▶ _Work task_
The whole listing below is to be copied exactly, with every picture left out.

▶ _Supplied data_
---
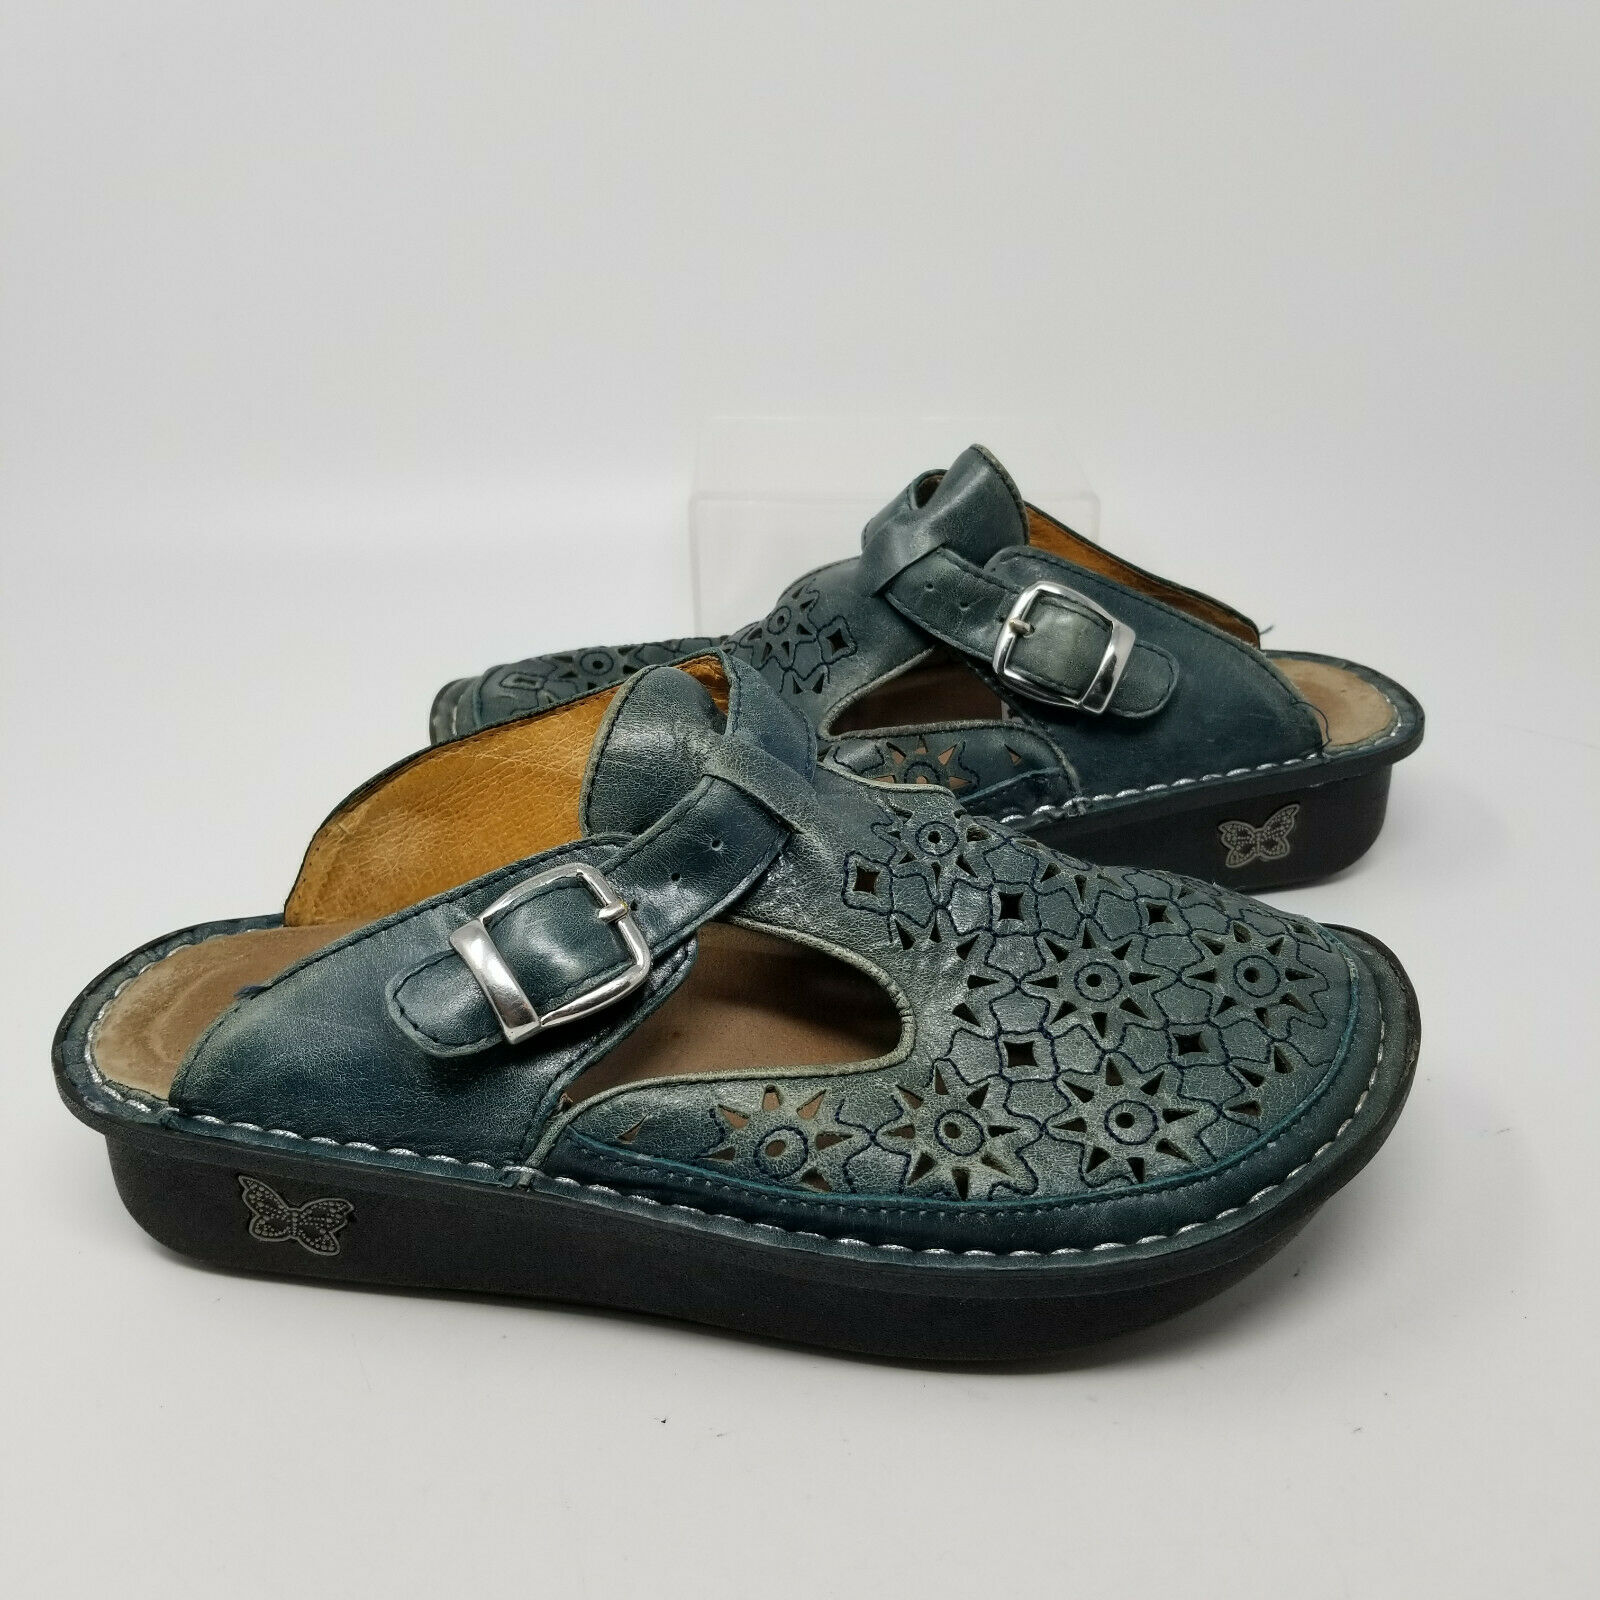 Alegria Green Leather Buckle Slip On Walking Mule Clog Shoes Women Size 7/37
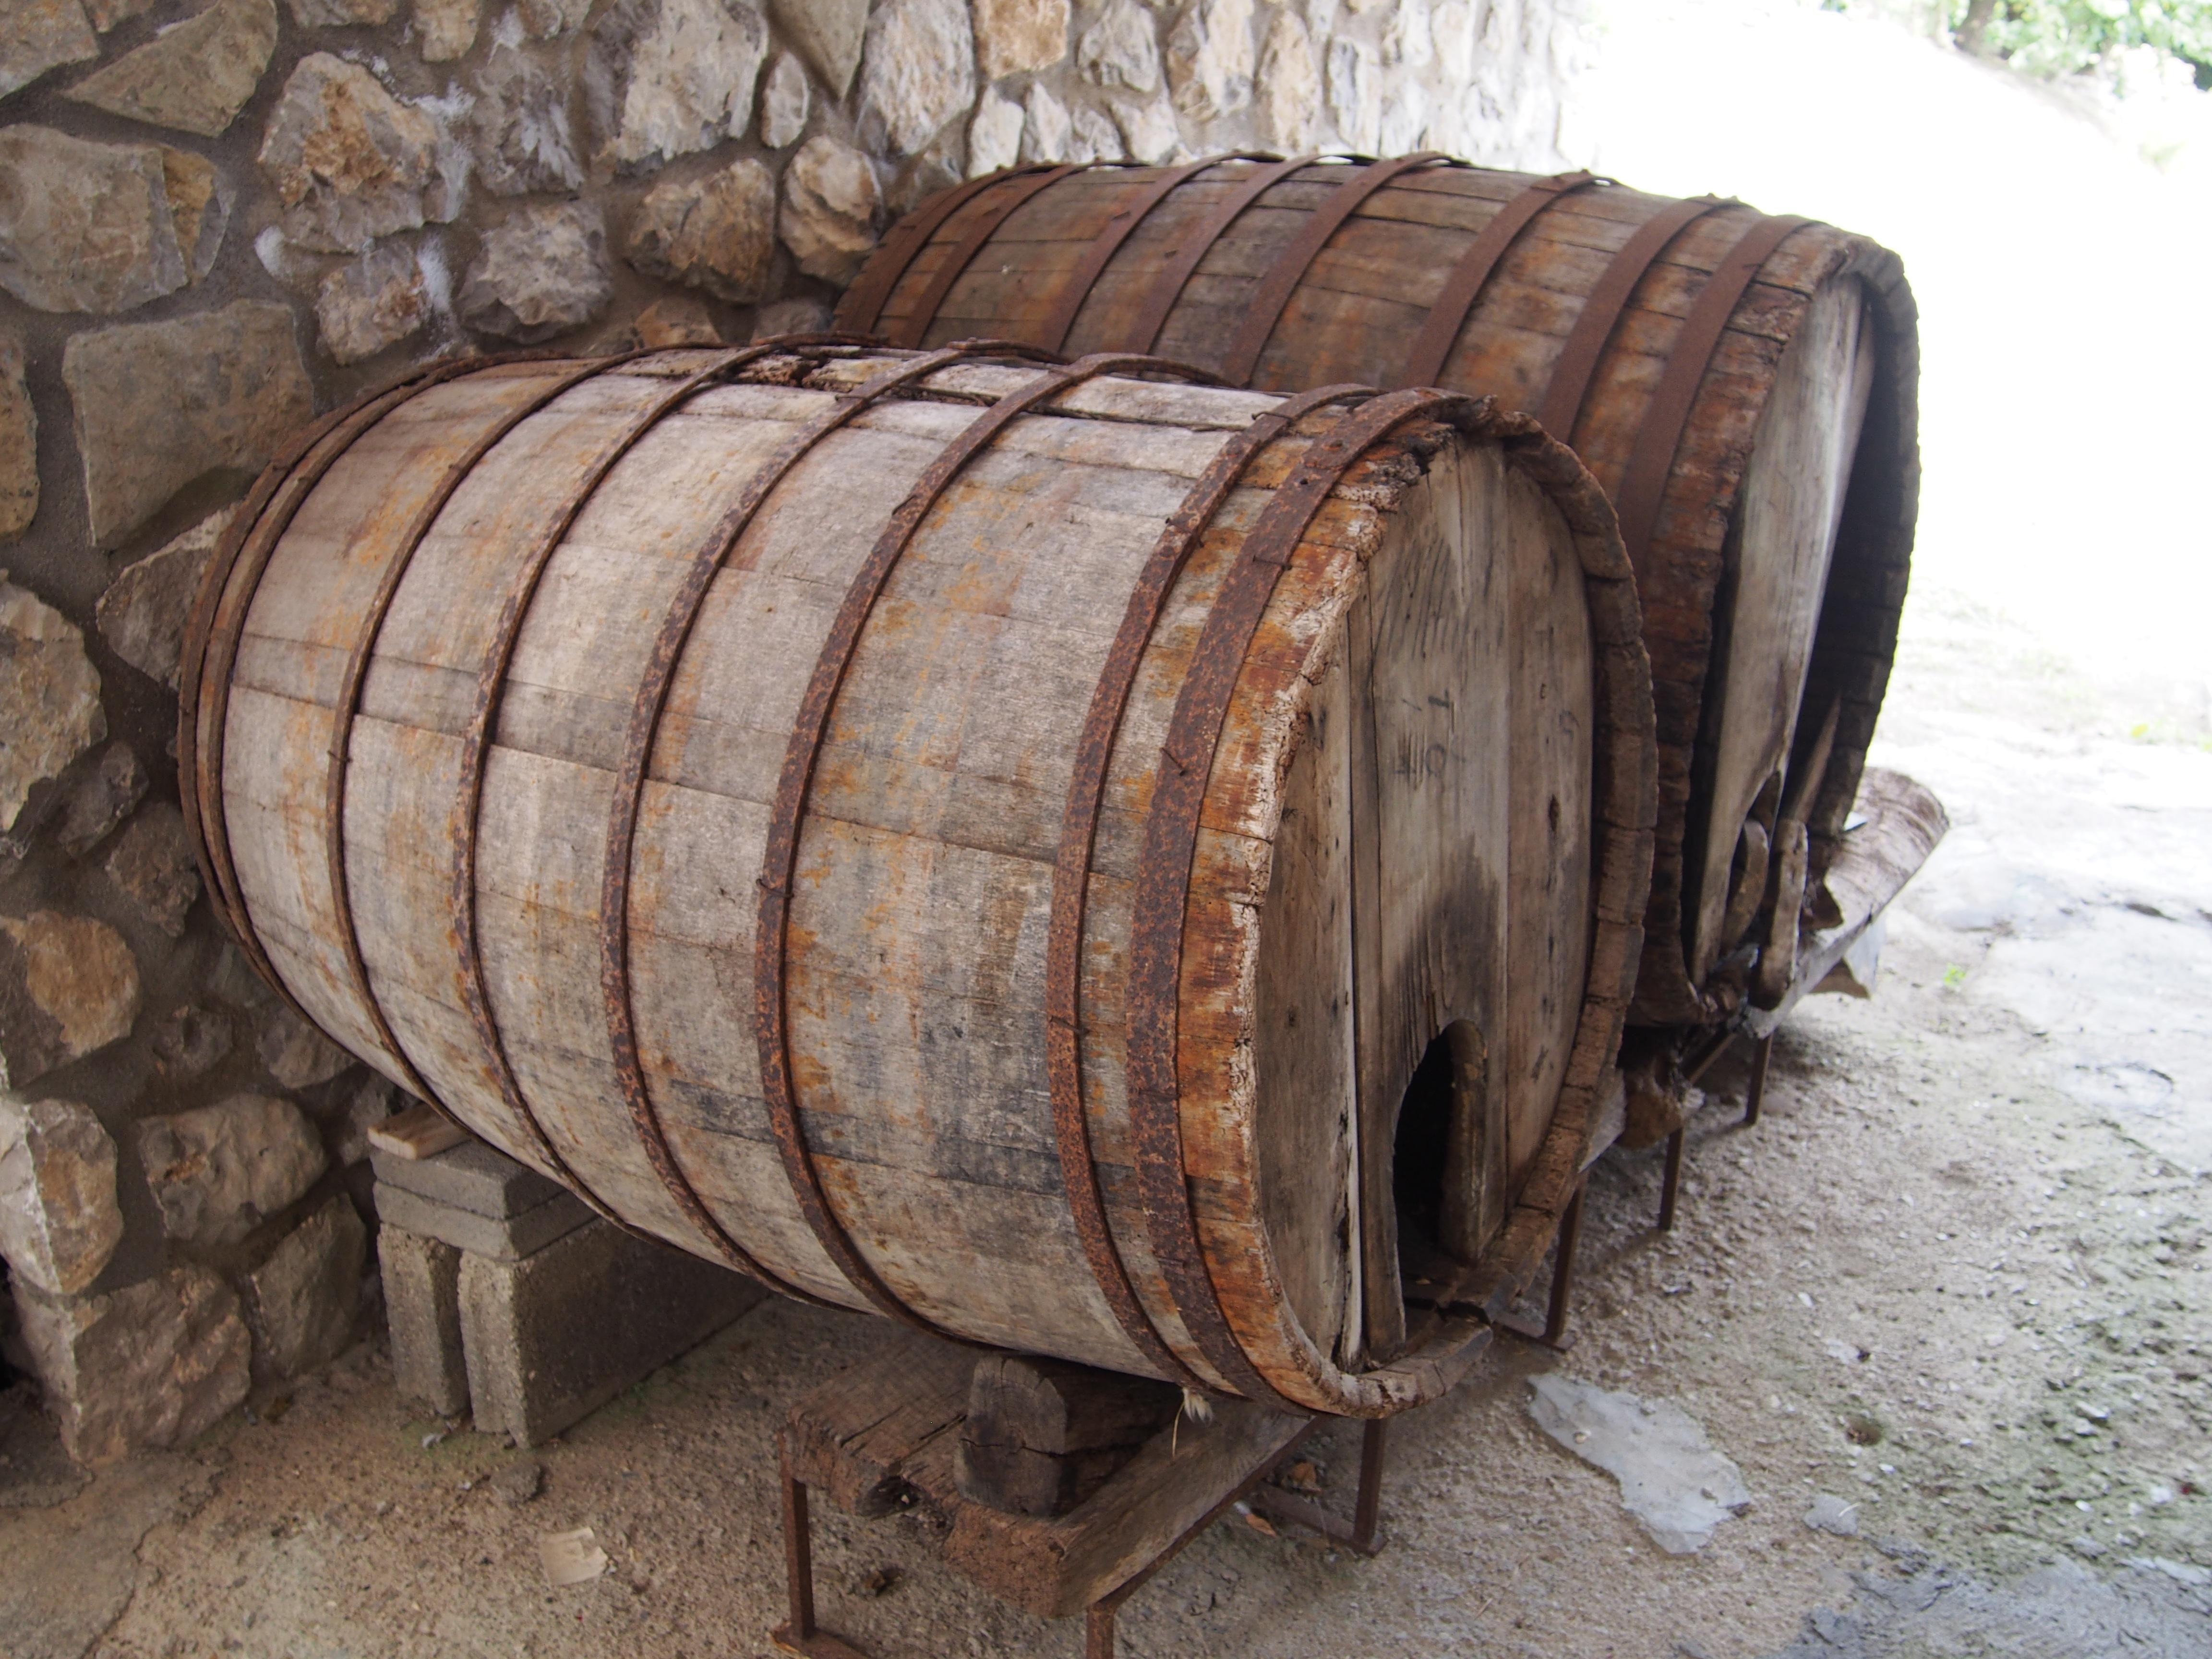 Wood Wine Old Drum Barrel Storage Wooden Barrels Man Made Object Skin Head  Percussion Instrument Storage
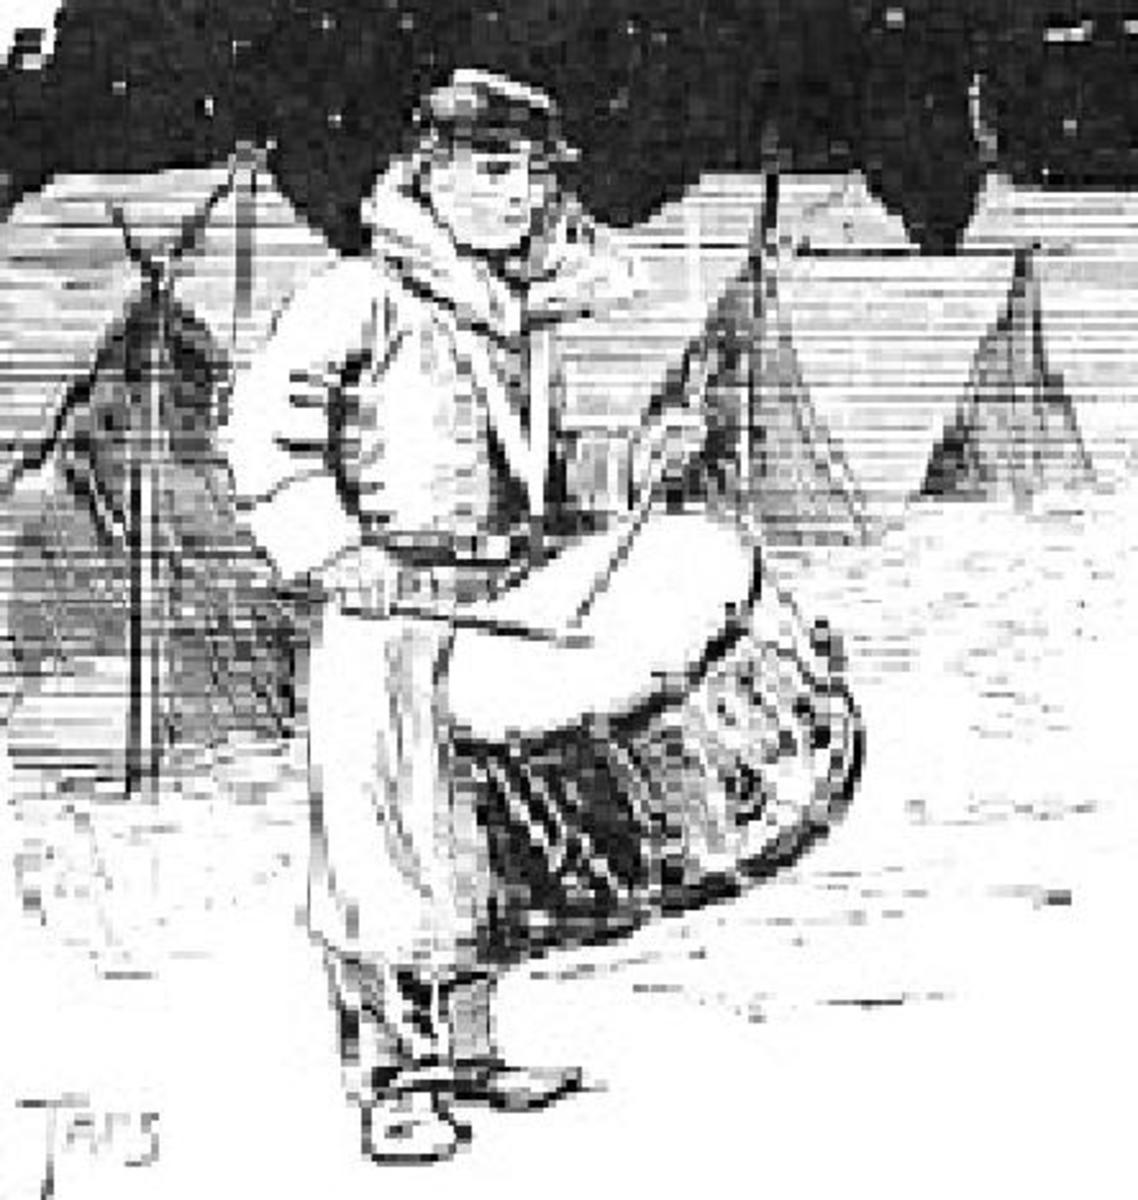 Sketch: a Union drummer boy plies his trade
---
▶ _Solution_
 Alegria Green Leather Buckle Slip On Walking Mule Clog Shoes Women Size 7/37
 Wood Wine Old Drum Barrel Storage Wooden Barrels Man Made Object Skin Head  Percussion Instrument Storage
 Sketch: a Union drummer boy plies his trade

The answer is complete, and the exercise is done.